Sports

New St. Joe’s Athletic Director Harkens Back to CYO Days

Former GCHSAA basketball standout Margaret Alaimo is now the athletic director at St. Joseph’s College Brooklyn, Clinton Hill. (Photo courtesy of St. Joseph’s College Brooklyn Sports Information)

CLINTON HILL — Who better to guide student-athletes and coaches than someone who has actually walked in their shoes?

St. Joseph’s College Brooklyn, Clinton Hill, has a new athletic director who brings more than 30 years of experience as a collegiate athlete, coach and administrator to the Bears family.

Margaret Alaimo took over as St. Joe’s new director of athletics this school year. She became the second female athletic director in school history — the first since Bears Hall of Fame inductee and first-ever athletic director, Margaret Ward.

A native of Marine Park, Alaimo grew up attending school and playing Catholic Youth Organization basketball at St. Thomas Aquinas, Flatlands. From there, it was on to starring on the basketball team at Stella Maris H.S., Far Rockaway.

Even as a high school student, she was able to give back to her parish by coaching a CYO team. The seeds of a long career in collegiate athletics were planted at the same place where her passion for sports began.

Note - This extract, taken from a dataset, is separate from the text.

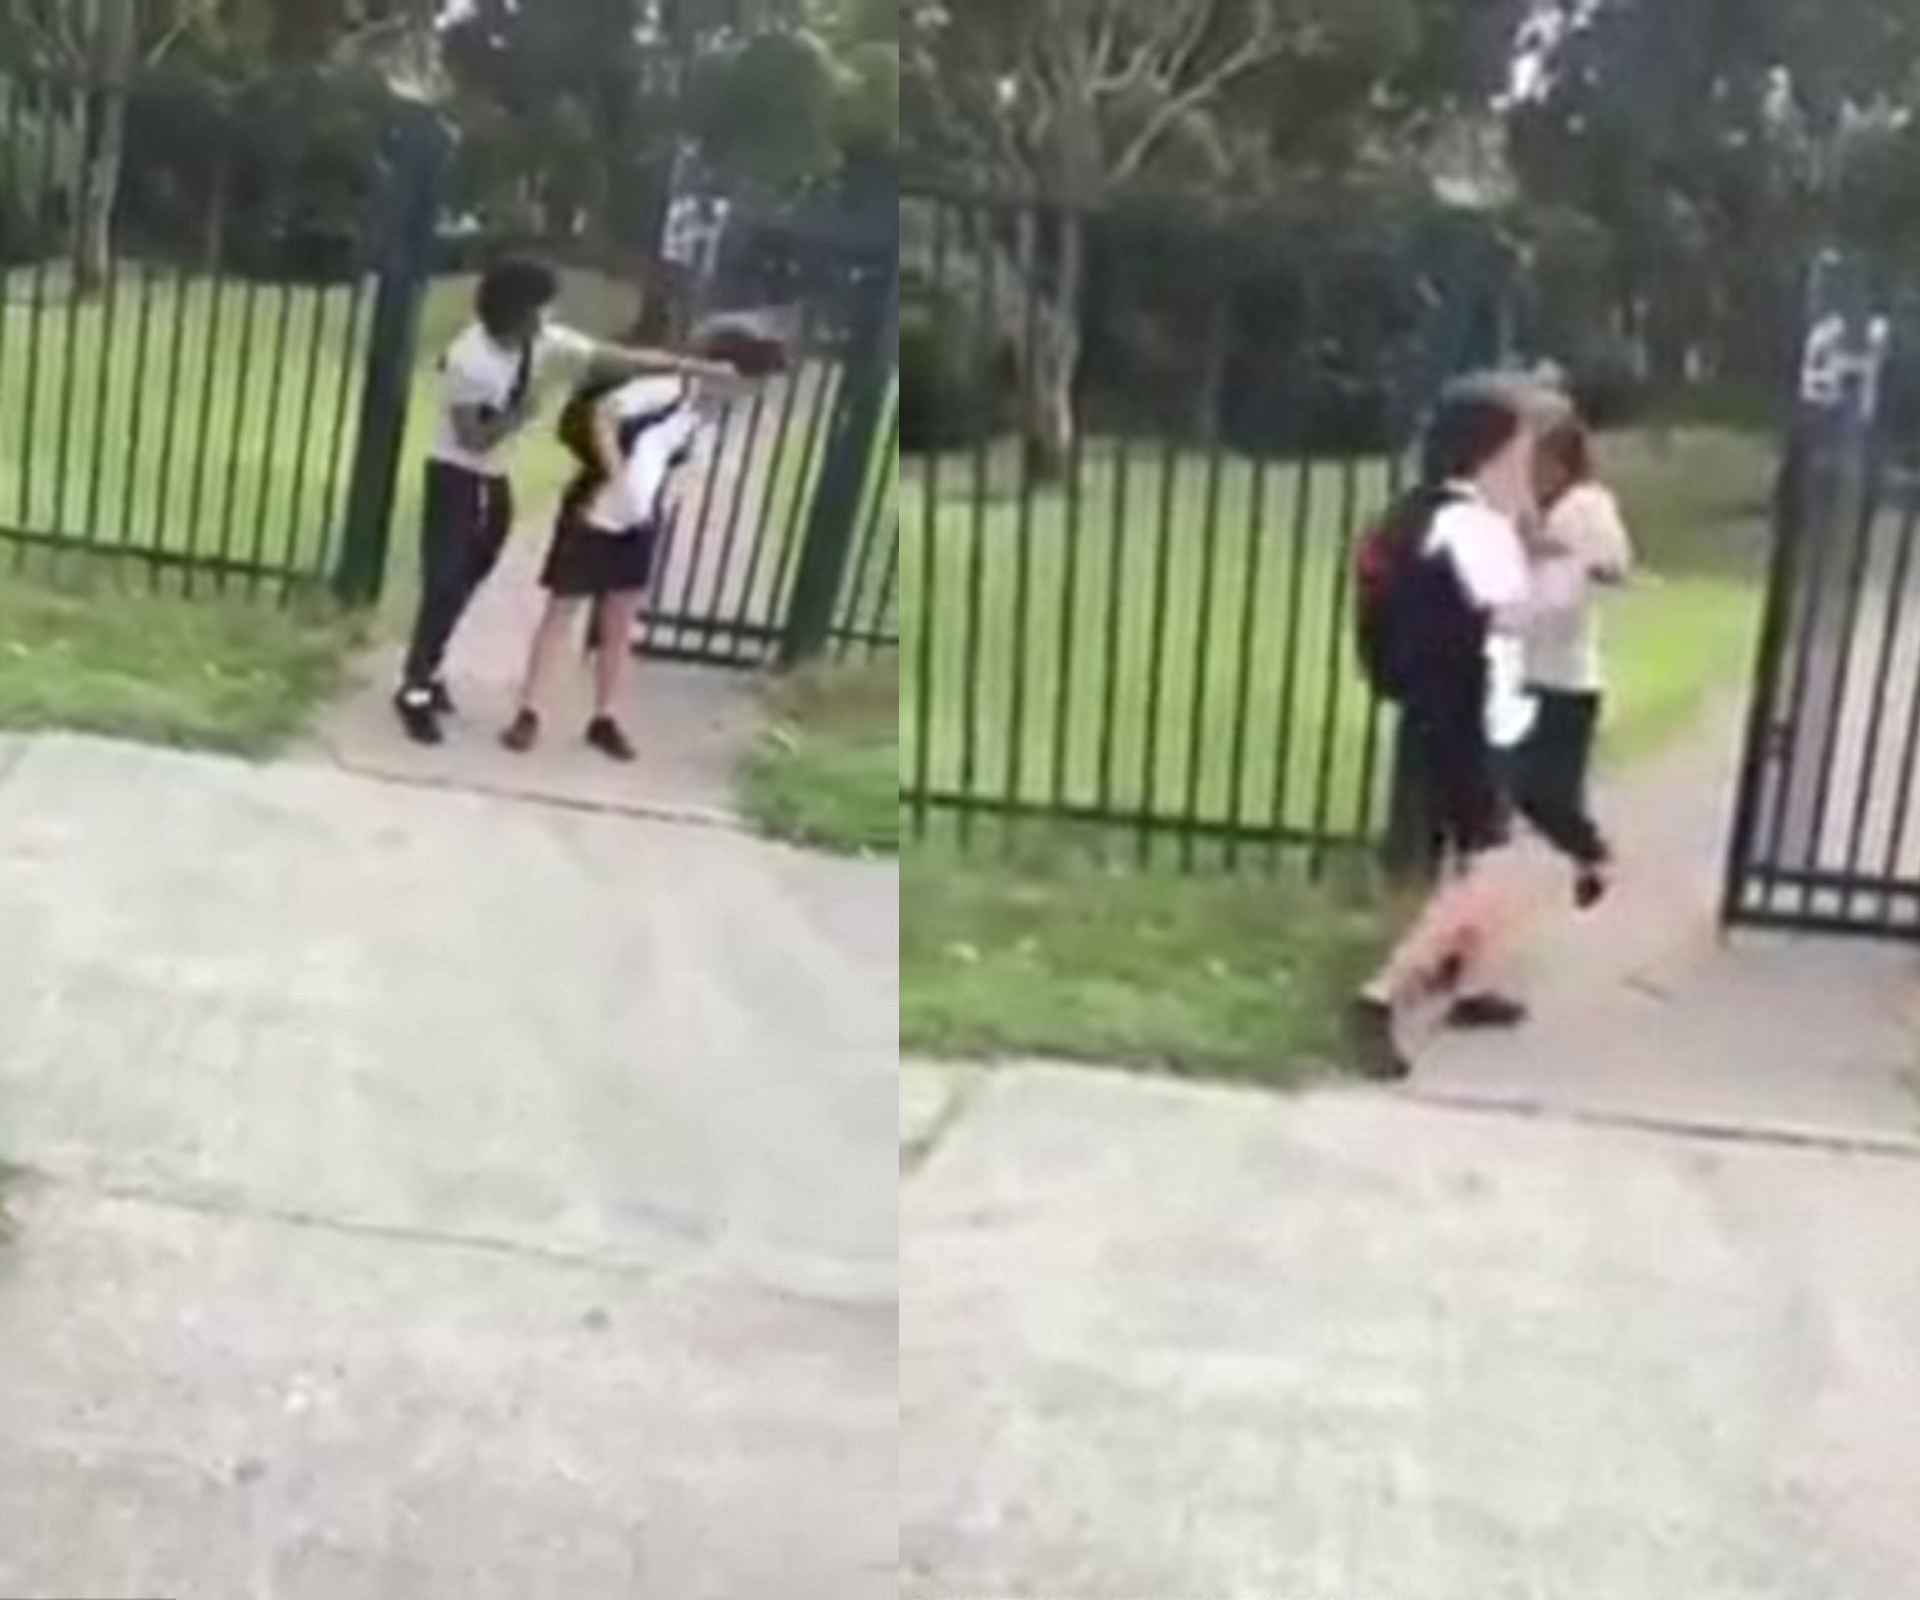 Bullying victim’s heartbreaking question during violent attack

Alaimo played two years of basketball at the College of New Rochelle, N.Y., before returning to her home borough of Brooklyn to finish up her playing career at St. Francis College, Brooklyn Heights. Combined, she scored more than 1,400 points in her career, eventually leading to an induction into the St. Francis College Hall of Fame to go along with her place in the GCHSAA Hall of Fame.

After graduating in December 1986, she stayed on as an assistant coach for the women’s hoops team under head coach Kevin Jones, who also was an English teacher at Bishop Ford H.S., Park Slope. Jones further fueled Alaimo’s interest in coaching.

As a business management major in college, Alaimo planned to pursue a career with Brooklyn Union Gas Co. In fact, she had been accepted into the company’s management training program in 1987 — that is until Long Island University Brooklyn (LIU), Downtown Brooklyn, gave her a call.

LIU had just instituted a full-time women’s basketball coaching job and viewed Alaimo as the right fit for the gig. Though she had a job lined up, she knew deep down that coaching would lead to a unique and exciting career.

“It was a great opportunity, so I took a chance,” said Alaimo, who spent three years as LIU’s head women’s coach before moving into more of an administrative role within the school’s sports program.

She spent two tours at LIU Brooklyn, sandwiched between a two-year stint as the associate director of athletics at Fairleigh Dickinson University, Teaneck, N.J. She returned to LIU in 2004 as senior associate director of athletics.

When most recent St. Joe’s athletic director James Lally moved over to St. John’s University, Jamaica, Alaimo was the perfect fit to assume the role. It surely helped that St. Joe’s is located less than a mile from LIU Brooklyn.

“I just had a great feel from the first day I was here,” said Alaimo, who resides with her husband, Steve, in West Nyack, N.Y. They have three children: Elizabeth, Clare and Danny.

Her time at Stella Maris prepared her well for her new position, because a good number of St. Joe’s student-athletes previously played in the local Catholic sports league.

“I walked in their shoes,” she said. “We’re going to continue to try to draw kids in from Brooklyn and Queens. We want to be in the mix. We think we’re a really good option for kids who want to stay home for college.”

The sports program’s momentum at St. Joe’s has been trending upward for the better part of the last decade. The Bears joined the NCAA’s Division III in 2011, opened the state-of-the-art Hill Center on Vanderbilt Avenue in 2014 and had all 13 sports become members of the Skyline Conference in 2015.

“It’s about maintaining the culture, the sense of family and the things that are important,” Alaimo said. “It’s an opportunity for us to work with young students and prepare them for life.

“There are such parallels between athletics and the real world, and we’re just going to continue to try to keep student-athletes our priority. We’re going to work to be the best we can be with the resources we have.”

Sounds like a great plan to keep the Bears roaring in Brooklyn and beyond.